Когда Аверелл писал это письмо, он не мог предвидеть, что помимо совместной работы в Сан-Валли им с Кэти предстоит провести бок о бок четыре года за наведением дипломатических мостов в столицах двух европейских стран, охваченных войной. По-хорошему компанию Авереллу в этом деле должна была бы составить его вторая жена Мари, но из-за проблем со зрением она предпочла остаться в Нью-Йорке. Для Аверелла идея привезти дочь в Лондон была отнюдь не революционной, а скорее продолжением семейной традиции. Его отец брал с собою жену, сыновей и дочерей в поездки по миру. Так, в 1899 году семилетний Аверелл вместе со всей семьёй отправился в организованную и профинансированную его отцом исследовательскую «экспедицию Гарримана» на Аляску, где они вместе с выдающимися американскими учеными, художниками, писателями и фотографами объехали всё побережье.{4} В следующие годы они летом путешествовали по Европе на только что появившихся тогда автомобилях.

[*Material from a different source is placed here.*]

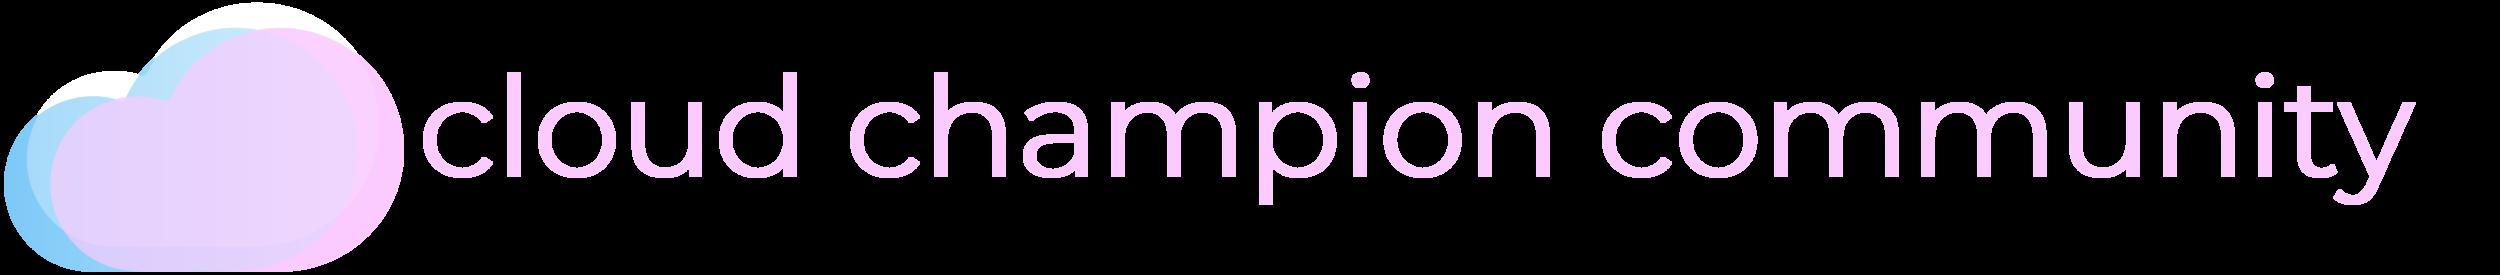 CloudChampionLogo

Наконец, в 1905 году, по завершении Русско-японской войны, отец Аверелла взял с собою всю семью в Японию, где изыскивал возможность постройки задуманной им всемирной сети железнодорожного сообщения.

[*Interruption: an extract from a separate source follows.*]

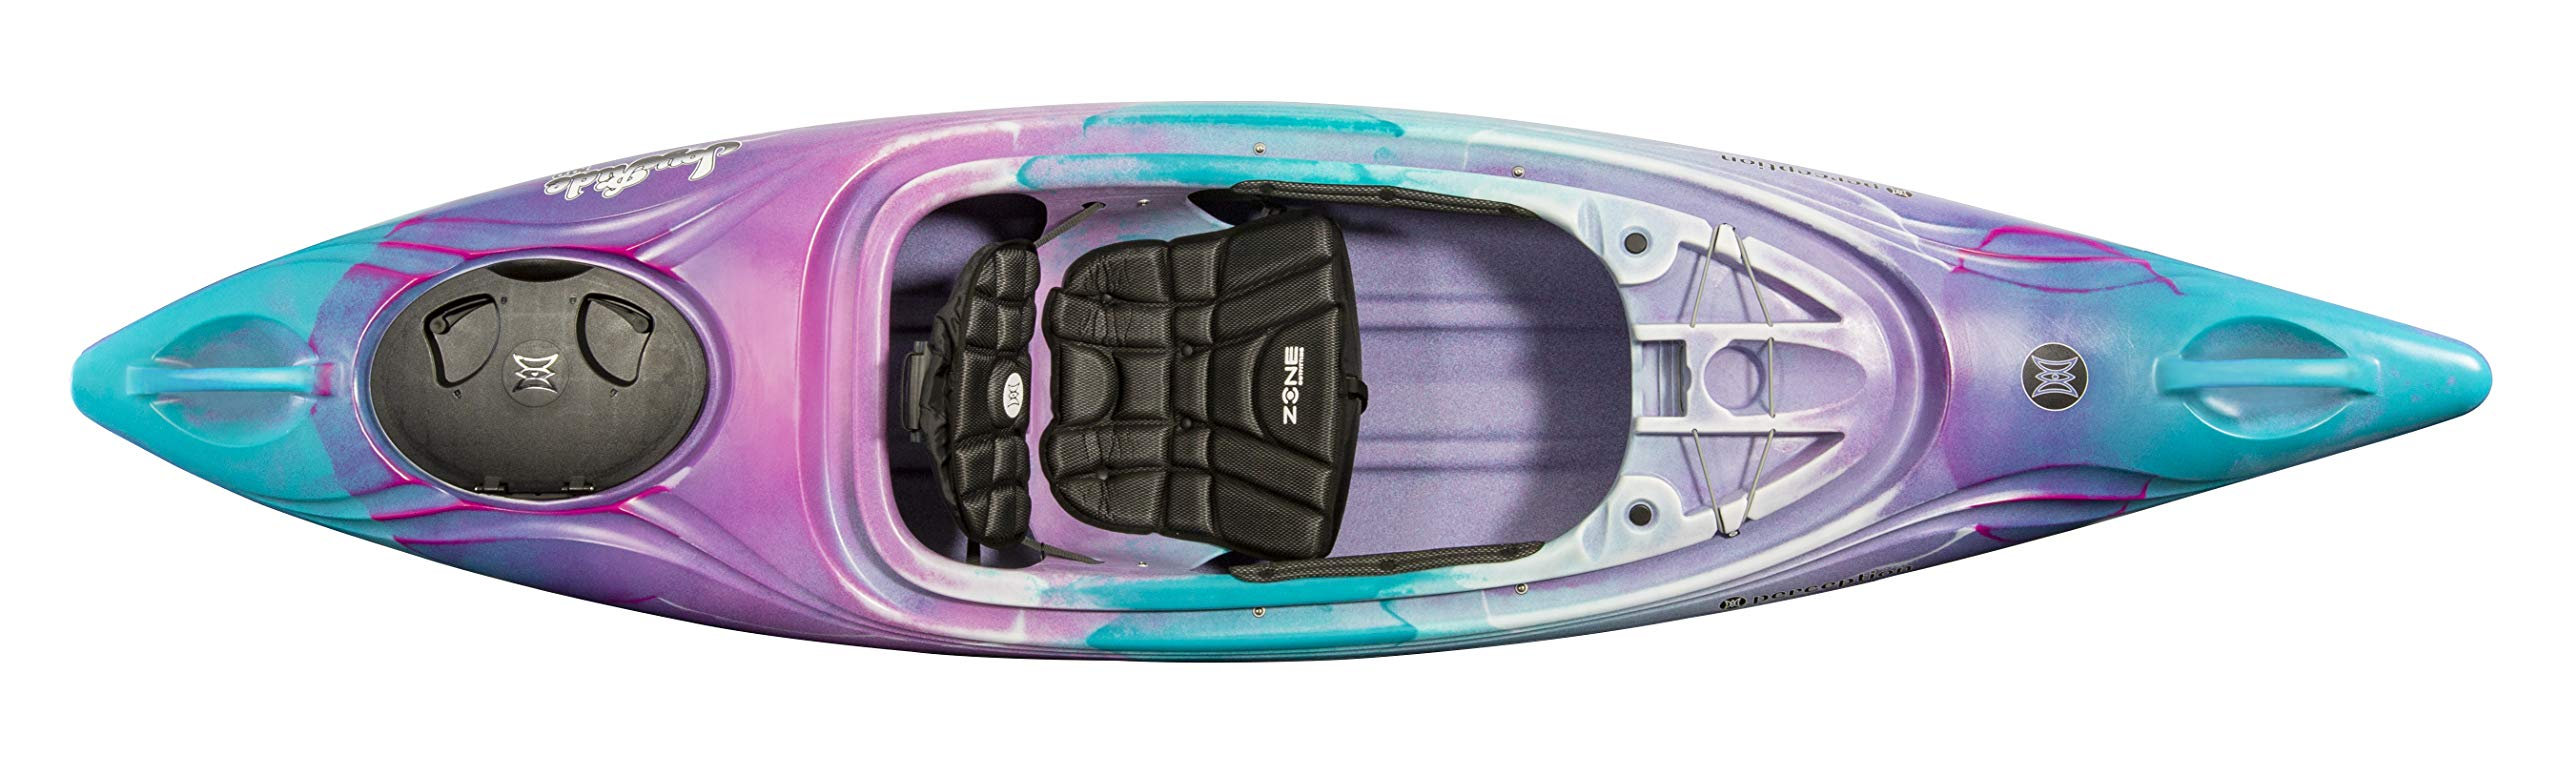 Perception Joyride 10 | Sit Inside Kayak for Adults and Kids | Recreational and Multi-Water Kayak with Selfie Slot | 10' | Funkadelic by Perception Kayaks

Полученное от Аверелла приглашение привело Кэти в восторг. В детстве Муш, их гувернантка-англичанка, чуть ли не каждое лето возила сестёр Гарриман в путешествия по Британии или Франции. Этот опыт привил Кэти чувство сродства с европейцами и тягу к приключениям. Но поначалу американское правительство отказывалось выдавать Кэти разрешение на выезд в Лондон к отцу на том основании, что она якобы не принадлежит к необходимому в условиях военного времени персоналу. Авереллу пришлось обратиться за помощью к своему другу Гарри Гопкинсу, давнему соратнику и советнику Рузвельта. И Гопкинсу удалось выправить Кэти рабочую визу в Лондон, но не на правах сотрудницы посольства, а в качестве военного корреспондента – вопреки отсутствию у неё опыта такой работы. Неустрашимая Кэти без тени смущения написала Гопкинсу: «Кто-нибудь дверь откроет или масло за столом передаст – и получает заслуженное вежливое “спасибо” в ответ. <…> Но относить банальное “спасибо” к той возможности, которую вы передо мною открыли, просто бессмысленно. <…> Я благодарна чрезмерно и буду испытывать такую благодарность чертовски долго». Она вылетела из Нью-Йорка в Лондон транзитом через Бермуды и Лиссабон на роскошной «летающей лодке» Dixie Clipper[4] и прибыла в британскую столицу 16 мая 1941 года, почти сразу после последнего и страшнейшего массированного германского авианалёта. Пятьсот с лишним бомбардировщиков люфтваффе на протяжении почти семи часов сбрасывали на Лондон смертоносный груз, превратив в груду дымящихся развалин множество домов, в том числе и историческое здание Палаты общин.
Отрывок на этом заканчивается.